**Recorded data**
[Start of Attachment]

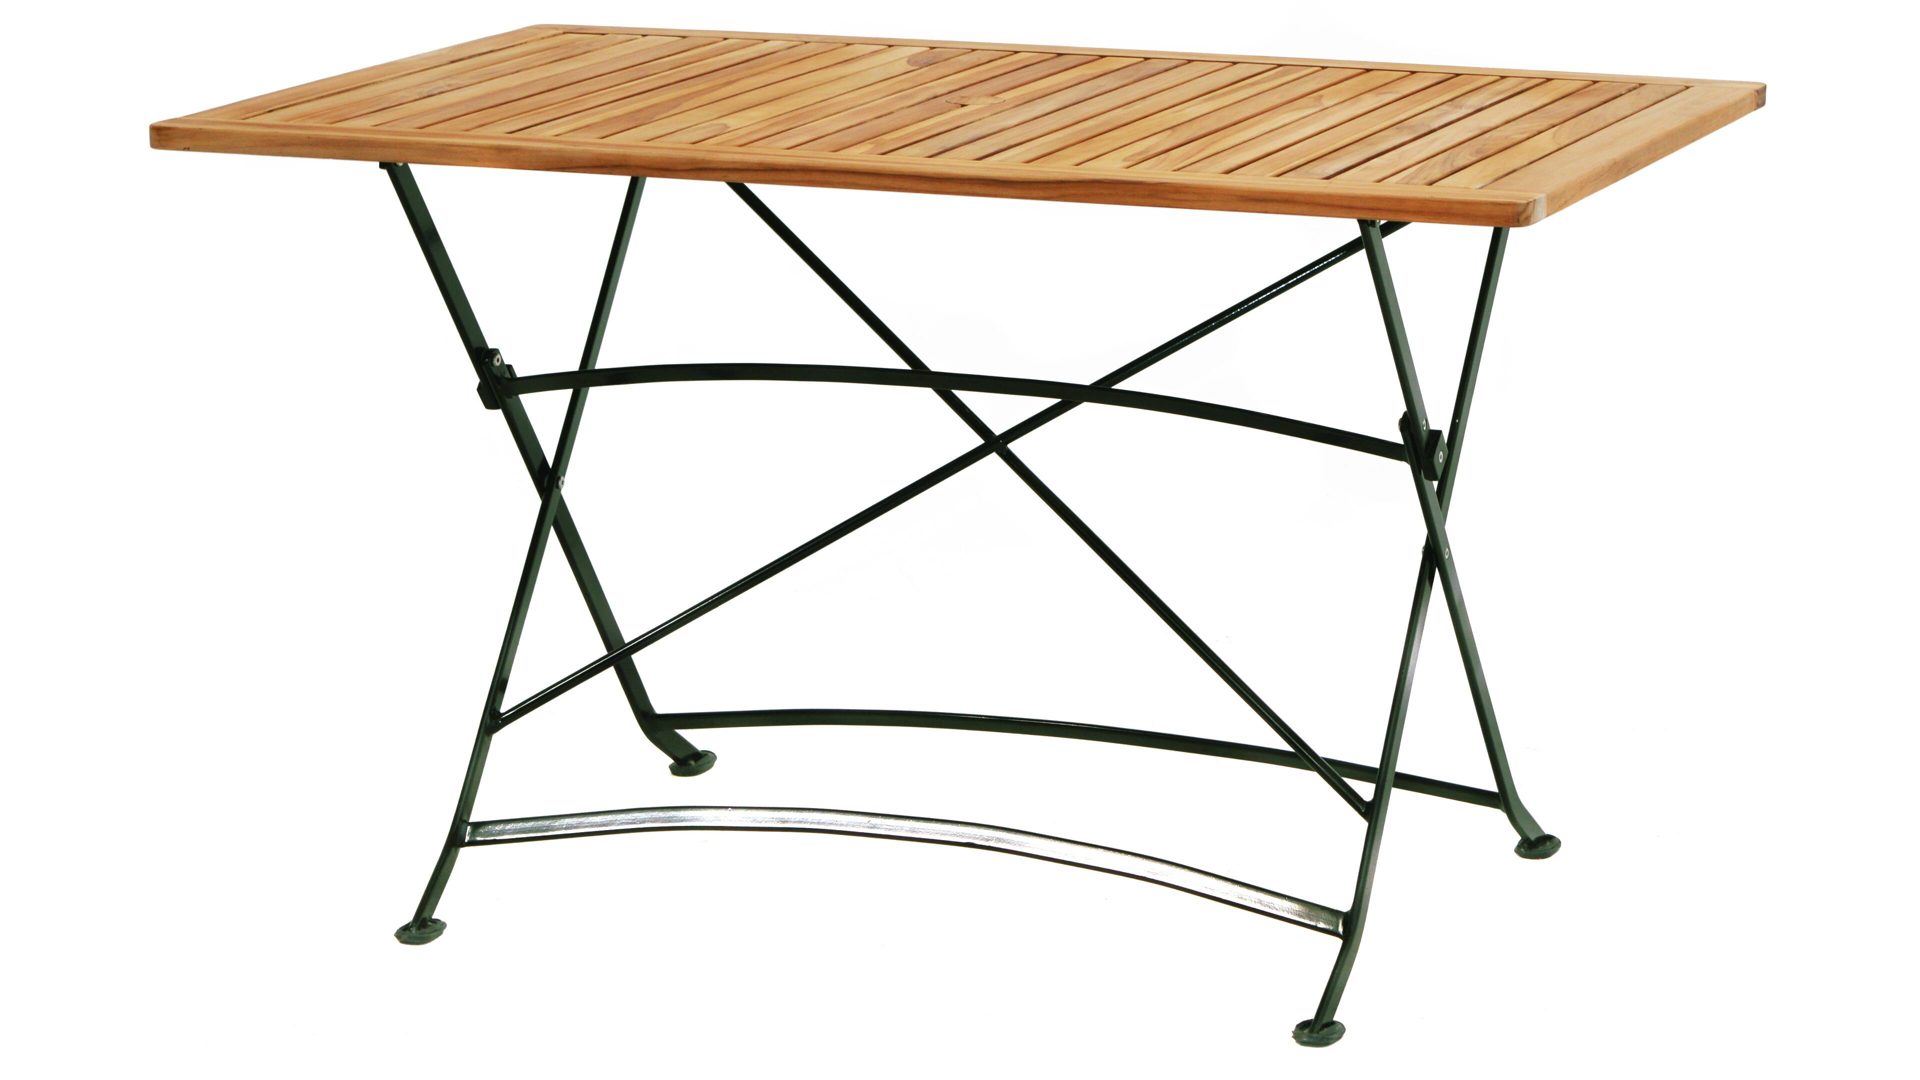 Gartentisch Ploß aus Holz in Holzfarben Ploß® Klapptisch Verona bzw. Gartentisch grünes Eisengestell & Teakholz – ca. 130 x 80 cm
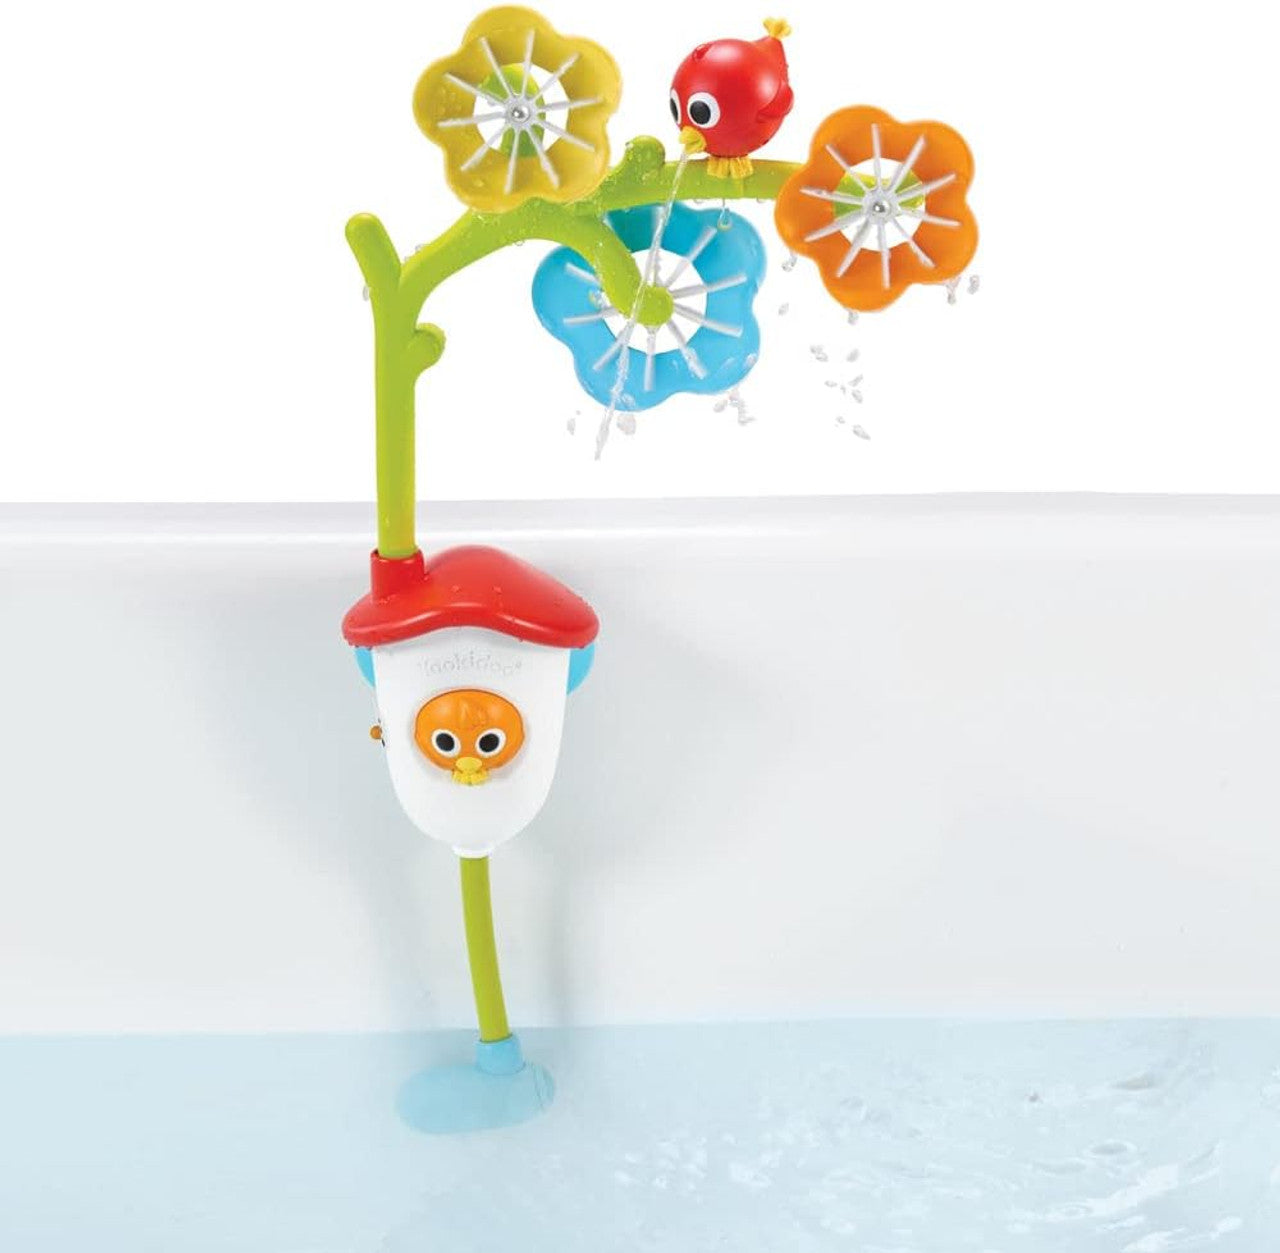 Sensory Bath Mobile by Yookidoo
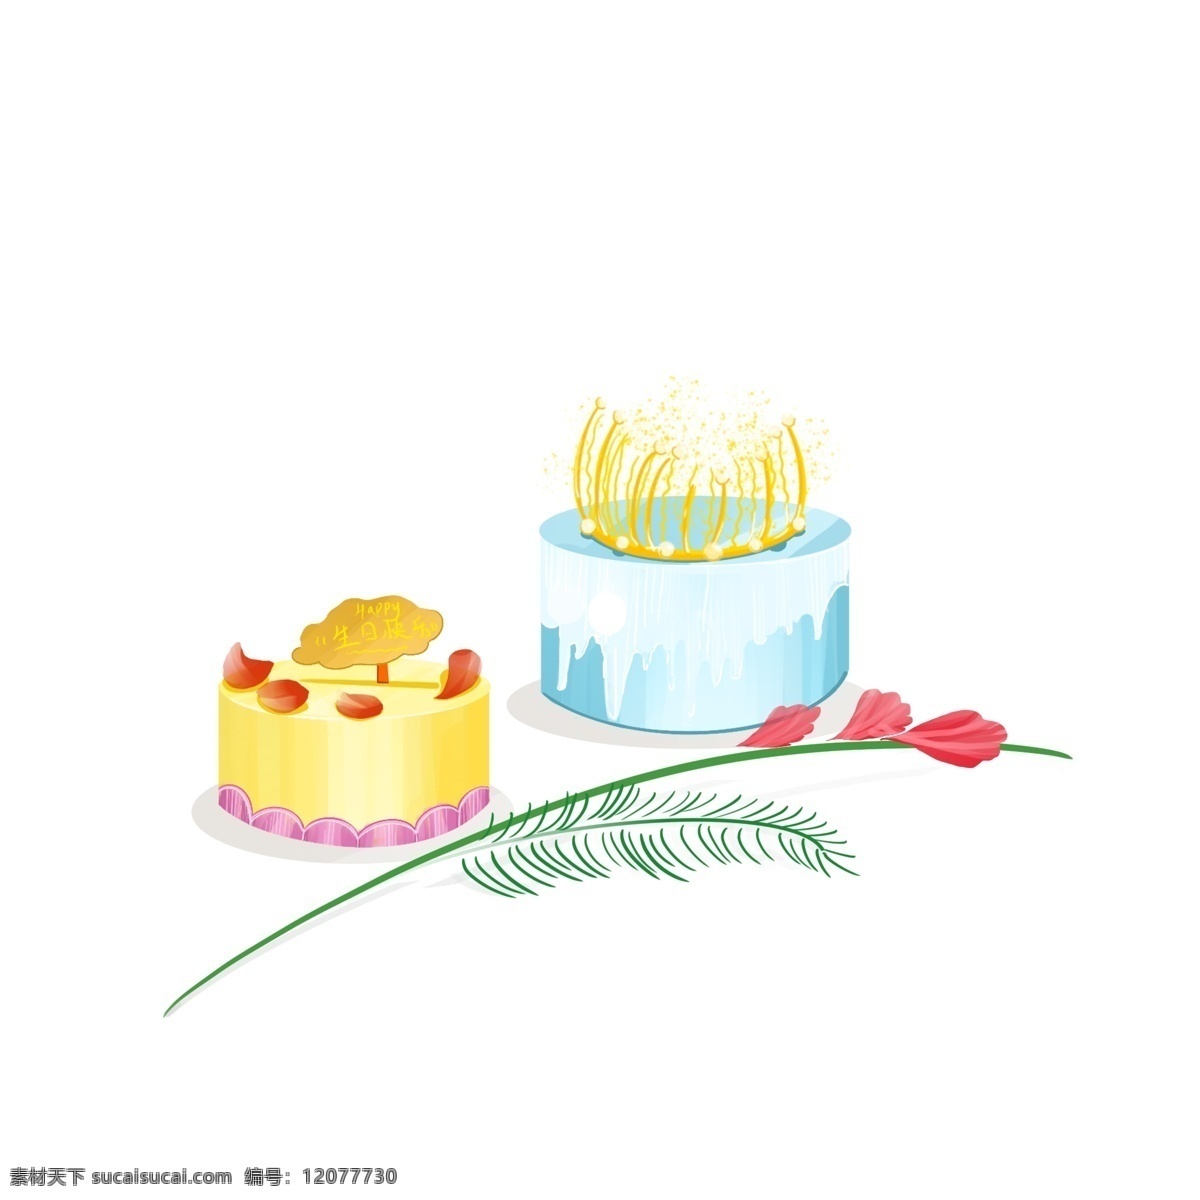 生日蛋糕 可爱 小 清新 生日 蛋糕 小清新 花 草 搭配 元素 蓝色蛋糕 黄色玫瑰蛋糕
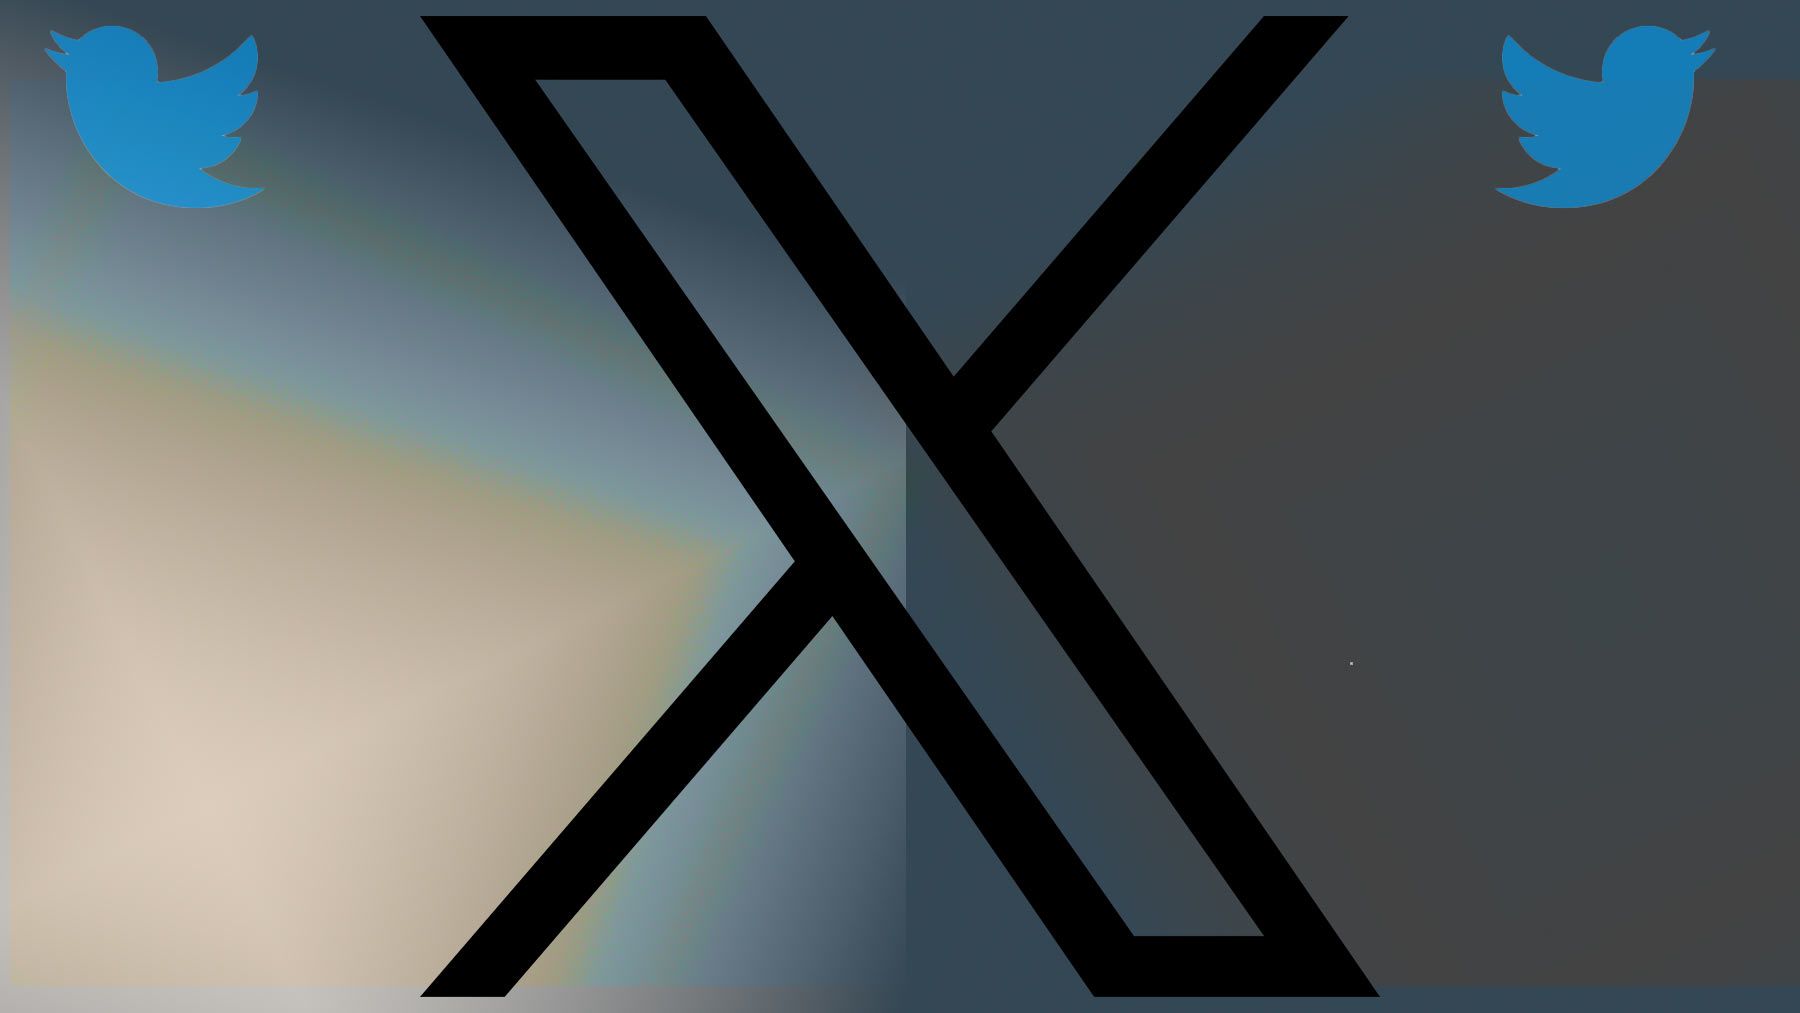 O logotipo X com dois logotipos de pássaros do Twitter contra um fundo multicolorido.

[End of Attachment]

**Task objective**
An exact copy of the whole listing is required, minus the pictures.

**Result of this exercise**
 Gartentisch Ploß aus Holz in Holzfarben Ploß® Klapptisch Verona bzw. Gartentisch grünes Eisengestell & Teakholz – ca. 130 x 80 cm
 Sensory Bath Mobile by Yookidoo
 生日蛋糕 可爱 小 清新 生日 蛋糕 小清新 花 草 搭配 元素 蓝色蛋糕 黄色玫瑰蛋糕
 O logotipo X com dois logotipos de pássaros do Twitter contra um fundo multicolorido.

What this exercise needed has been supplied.